One advantage of a good electronic voting system
Voting is such an old system that it is difficult to believe new features could be added, yet there is one very important feature which an electronic system, a well designed one anyway, can provide.
In a standard, paper type, anonymous voting system, once you drop in your vote, once this piece of paper which carries your selection enters the ballot box, it becomes anonymous. If you've made a mistake, that's just too bad, you cannot correct it.
It is taken for granted but it is important to understand the reason why it is so. It is because, apart from yourself, no one can tell whose ballot is whose. You can't go to the official and say "Sir, I've made a mistake, could you open the box a second and let me retrieve my little piece of paper and correct it!". He can't let you do that, not because correcting one's mistake is wrong but simply because he can't be sure that the piece of paper you will retrieve is truly yours. You could be cheating and modifying someone else's piece of paper.
But what would happen if the ballot box, the vote keeper, were smart and remembered exactly whose ballot belongs to whom. In this case what is suggested above would become perfectly feasible, just identify yourself to the box, it would return the ballot from the person corresponding to this identification, and let you modify it so long as the poll hasn't closed.
In the imperfect paper voting system, you would have to wait till the last second to vote to have the same opportunity, allowing you to change your mind as many times as you wish before the ballot closes, but then you would risk being delayed and not having your vote counted because you arrived too late at the polling booth. Not so with electronic voting, you could vote from the moment voting is allowed, (heck! to avoid undue traffic on the Internet, voting could start a month early), so to avoid missing out you could vote a month early safe in the knowledge that should new information arrive about the candidate you voted for, causing you to change your mind, you could.
To me the ideal ballot box would be one that can do that, return my ballot so I may modify it. It also needs another quality, it must be totally silent about the "other" ballots so I can't see who else voted for (or against) whom; and of course, no one can see whom I voted for either. This magic ballot box must be smart and mute!.
There are many advantages to such a system, and many new voting systems would then become possible.
For instance, we could have a continuous vote, one without a closing date, but one where the tally is visible. we could for instance vote on the heating of the building. Each tenant voting on the temperature, and the building temperature being selected as the current median (or the mean, but I prefer the median in this instance) temperature. When it gets too hot for your liking, change your vote. No one except you and the votekeeper (the magic electronic ballot box) will know.

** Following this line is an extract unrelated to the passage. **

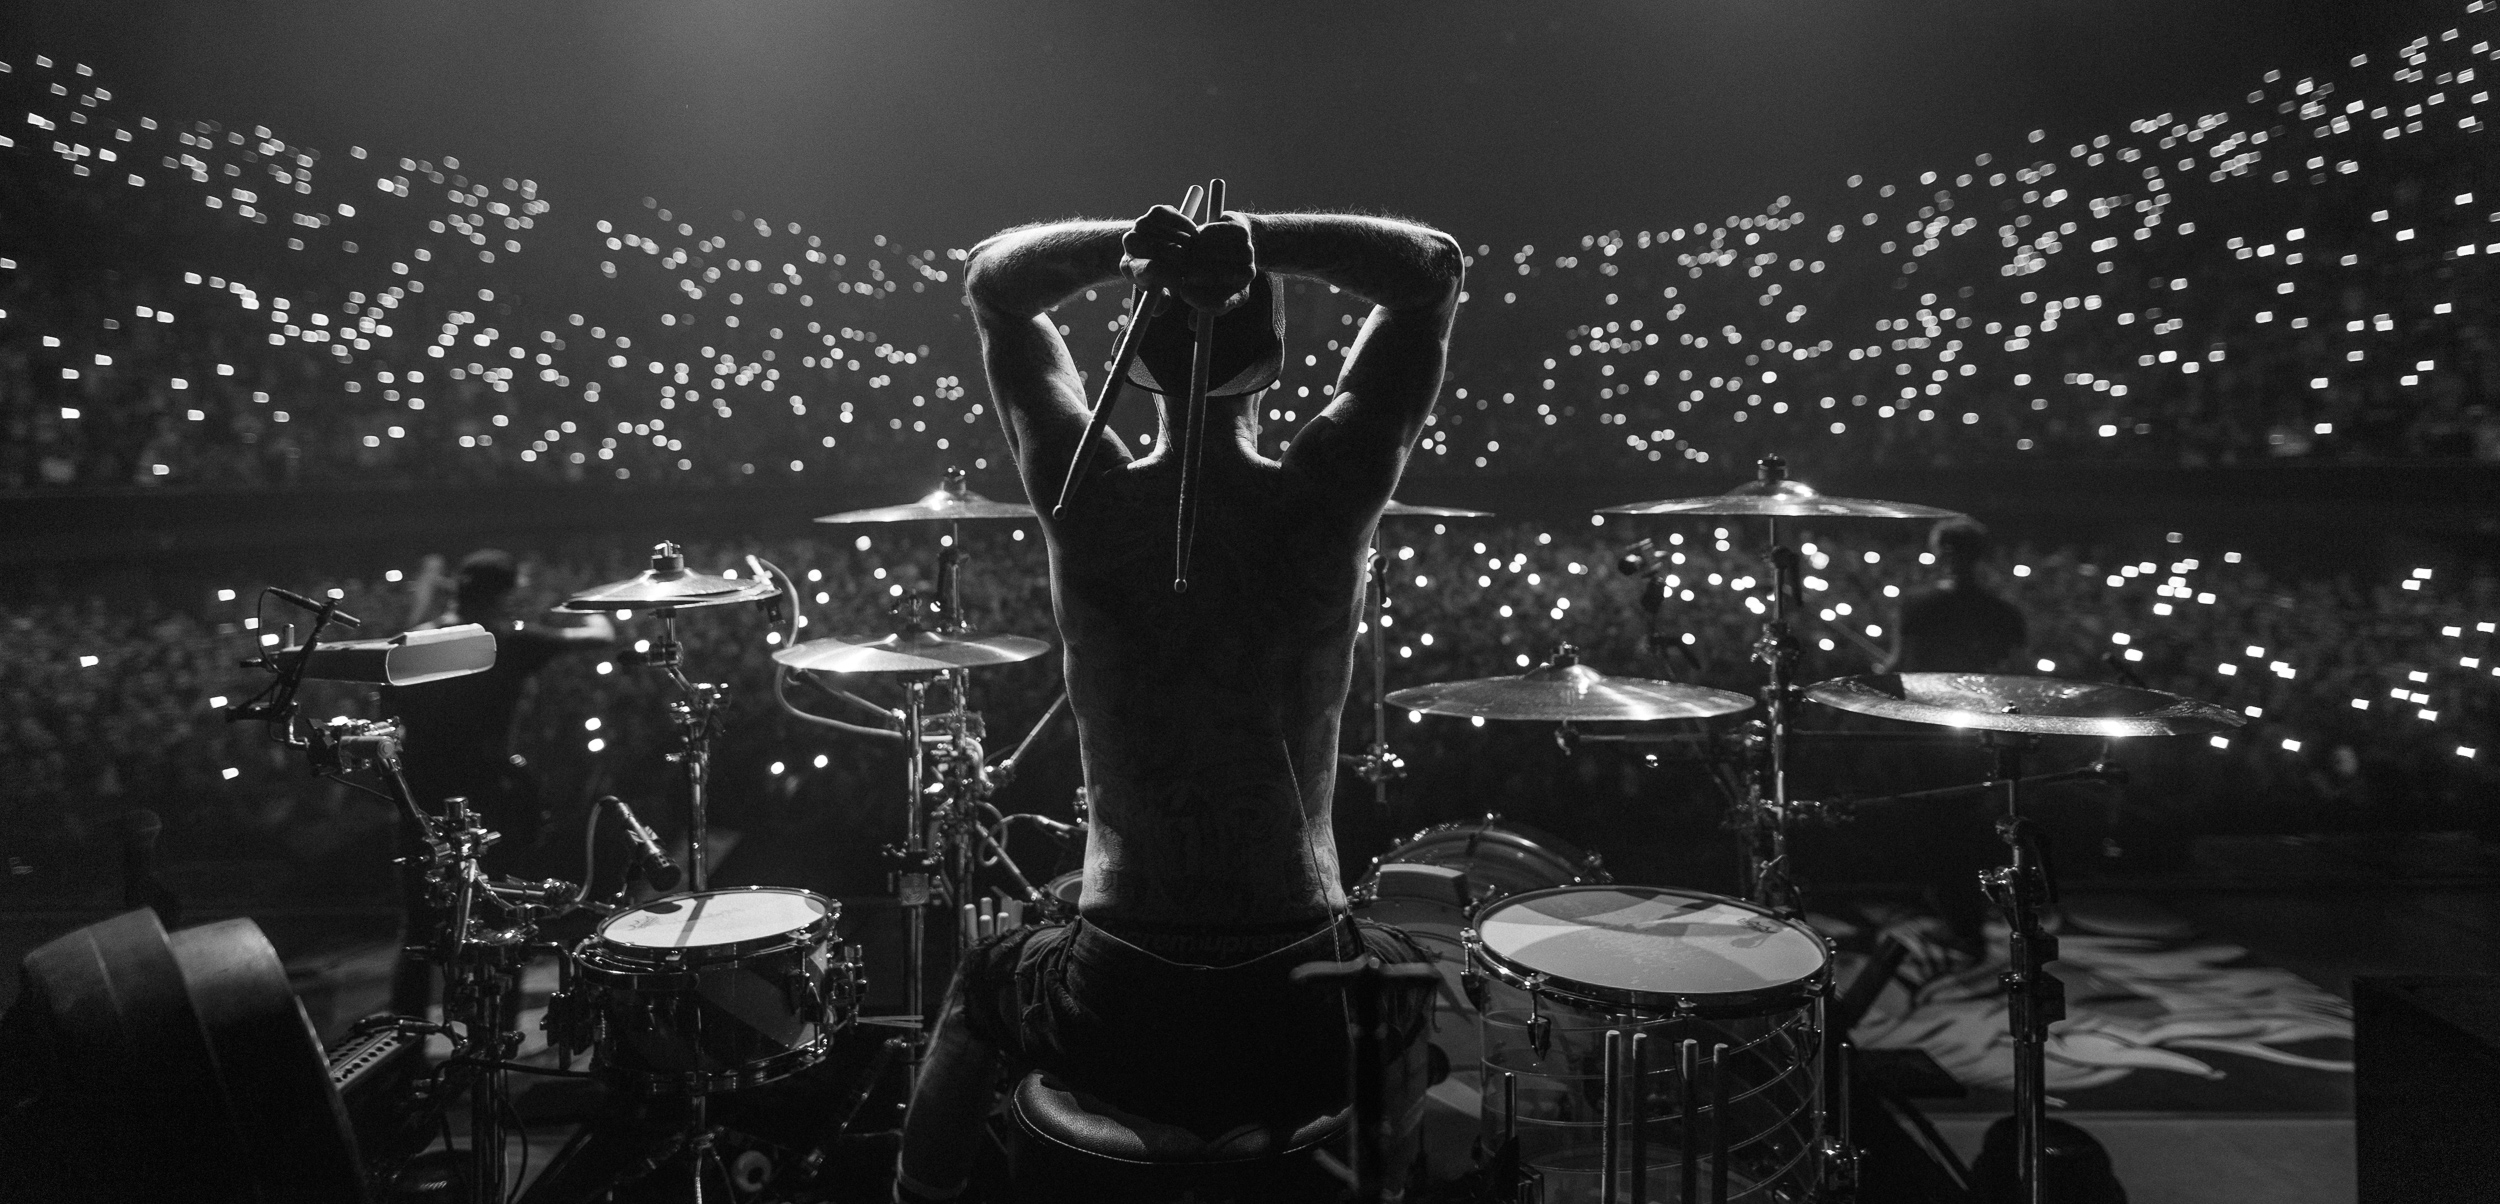 Travis Barker of Blink-182 by Adam Elmakias

Hey, maybe the same system could be used for presidential elections, why wait 4 years when it's obvious after 2 weeks that an idiot has been elected. Quick, change your vote and help get rid of him or her.
So, that's my wish, a ballot box that lets me change my vote anytime before the closing of the poll, that to me would be the greatest advantage over the present voting systems.

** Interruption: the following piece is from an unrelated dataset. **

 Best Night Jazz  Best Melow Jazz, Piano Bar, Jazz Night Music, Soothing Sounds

In a standard, paper type, anonymous voting system, once you drop in your vote, once this piece of paper which carries your selection enters the ballot box, it becomes anonymous. If you've made a mistake, that's just too bad, you cannot correct it.
It is taken for granted but it is important to understand the reason why it is so. It is because, apart from yourself, no one can tell whose ballot is whose. You can't go to the official and say "Sir, I've made a mistake, could you open the box a second and let me retrieve my little piece of paper and correct it!". He can't let you do that, not because correcting one's mistake is wrong but simply because he can't be sure that the piece of paper you will retrieve is truly yours. You could be cheating and modifying someone else's piece of paper.

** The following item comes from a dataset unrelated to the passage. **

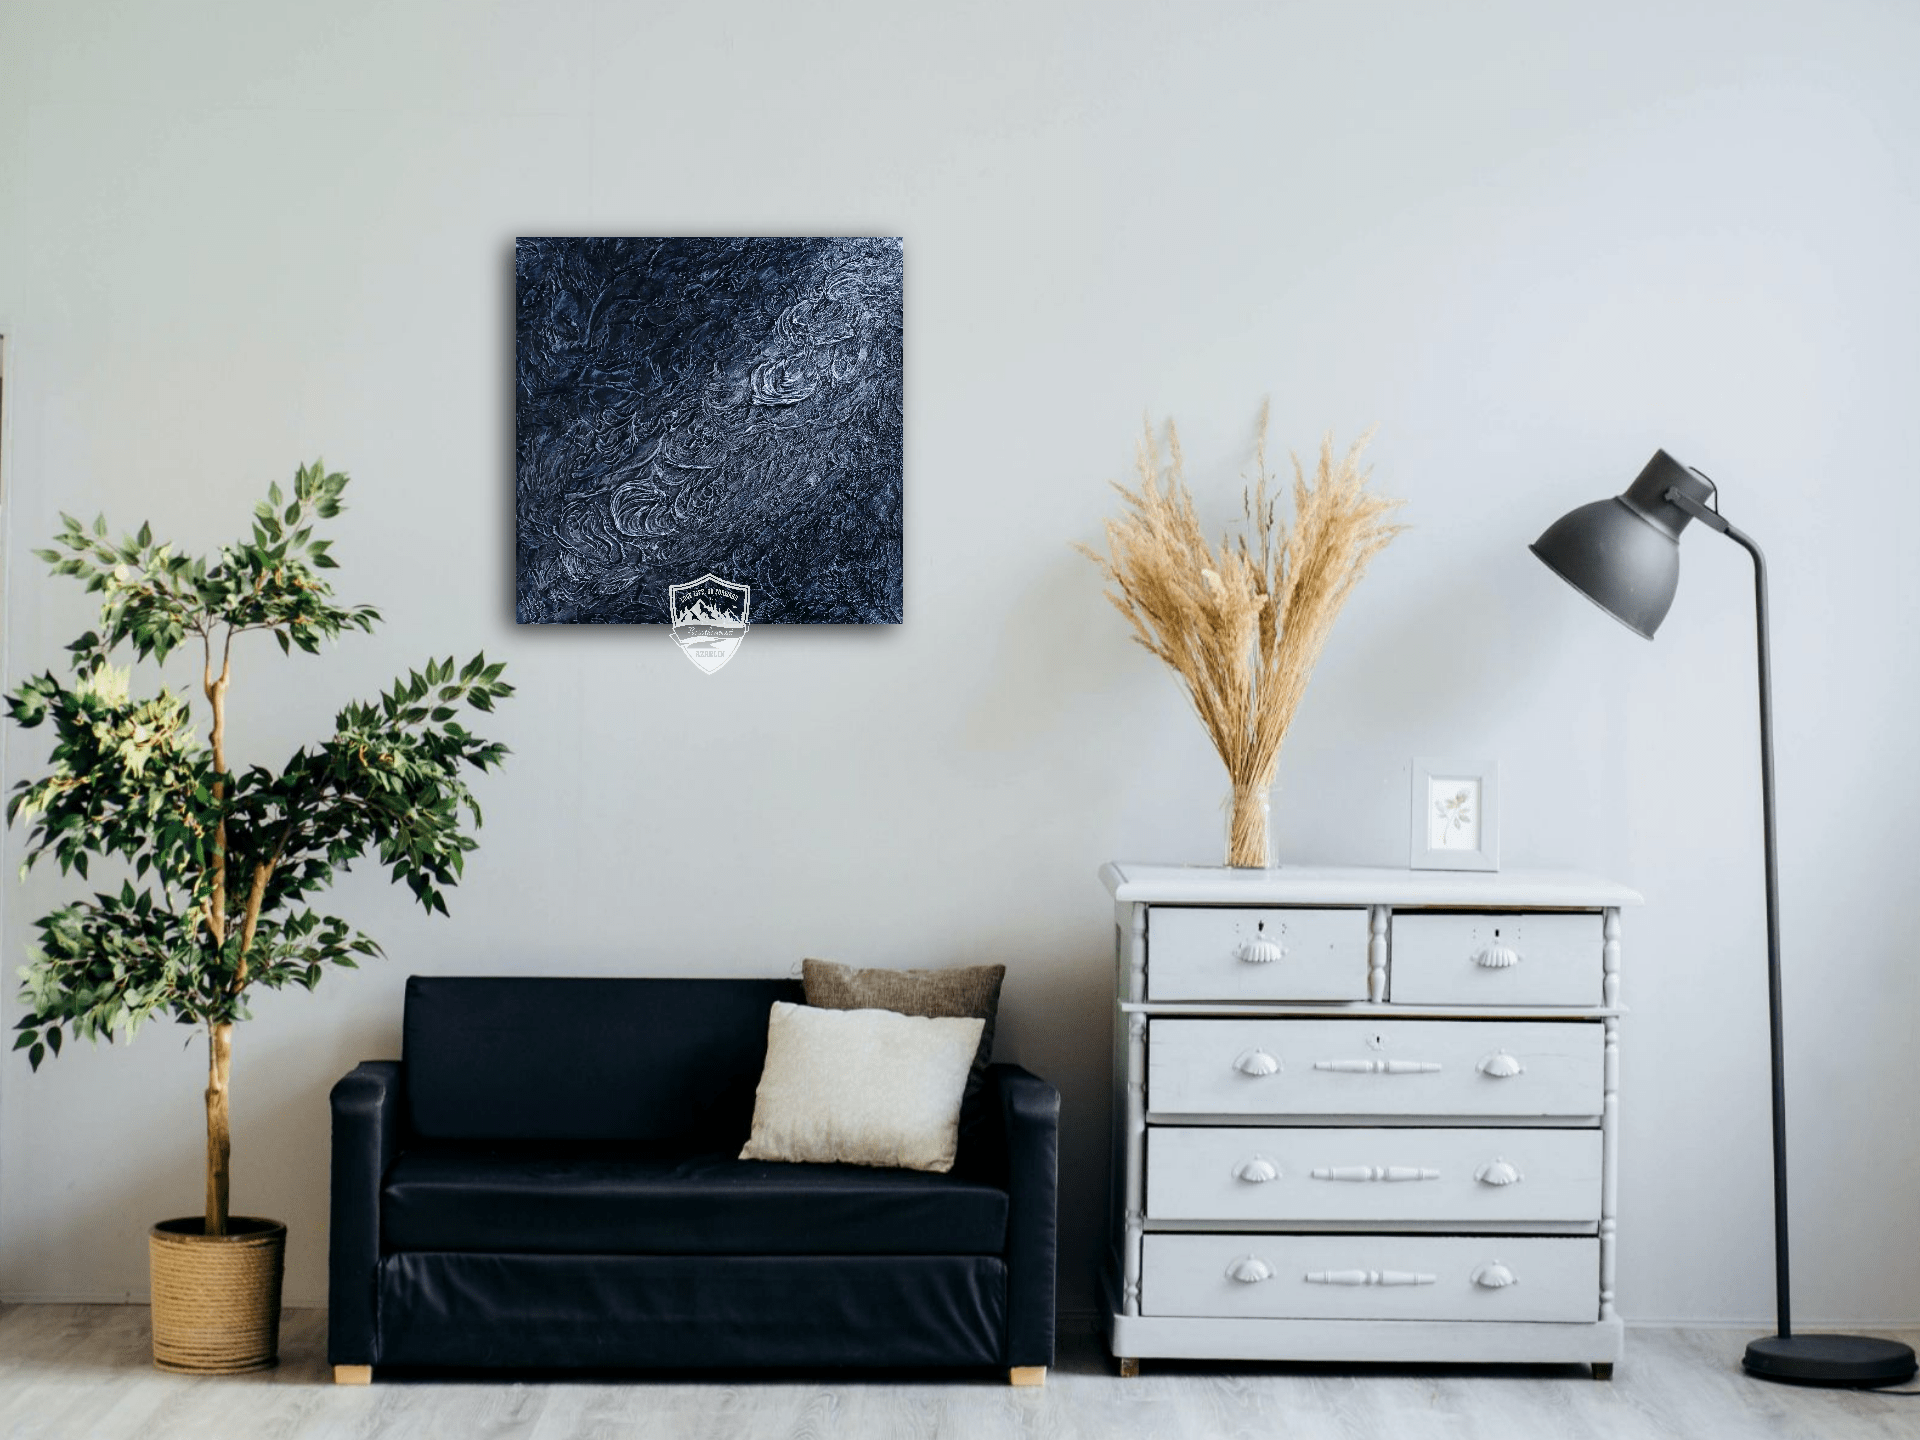 Черно-белый дизайн квартиры — нескучный интерьер

But what would happen if the ballot box, the vote keeper, were smart and remembered exactly whose ballot belongs to whom. In this case what is suggested above would become perfectly feasible, just identify yourself to the box, it would return the ballot from the person corresponding to this identification, and let you modify it so long as the poll hasn't closed.
In the imperfect paper voting system, you would have to wait till the last second to vote to have the same opportunity, allowing you to change your mind as many times as you wish before the ballot closes, but then you would risk being delayed and not having your vote counted because you arrived too late at the polling booth. Not so with electronic voting, you could vote from the moment voting is allowed, (heck! to avoid undue traffic on the Internet, voting could start a month early), so to avoid missing out you could vote a month early safe in the knowledge that should new information arrive about the candidate you voted for, causing you to change your mind, you could.
To me the ideal ballot box would be one that can do that, return my ballot so I may modify it. It also needs another quality, it must be totally silent about the "other" ballots so I can't see who else voted for (or against) whom; and of course, no one can see whom I voted for either. This magic ballot box must be smart and mute!.
There are many advantages to such a system, and many new voting systems would then become possible.
For instance, we could have a continuous vote, one without a closing date, but one where the tally is visible. we could for instance vote on the heating of the building. Each tenant voting on the temperature, and the building temperature being selected as the current median (or the mean, but I prefer the median in this instance) temperature. When it gets too hot for your liking, change your vote. No one except you and the votekeeper (the magic electronic ballot box) will know.
Hey, maybe the same system could be used for presidential elections, why wait 4 years when it's obvious after 2 weeks that an idiot has been elected. Quick, change your vote and help get rid of him or her.
So, that's my wish, a ballot box that lets me change my vote anytime before the closing of the poll, that to me would be the greatest advantage over the present voting systems.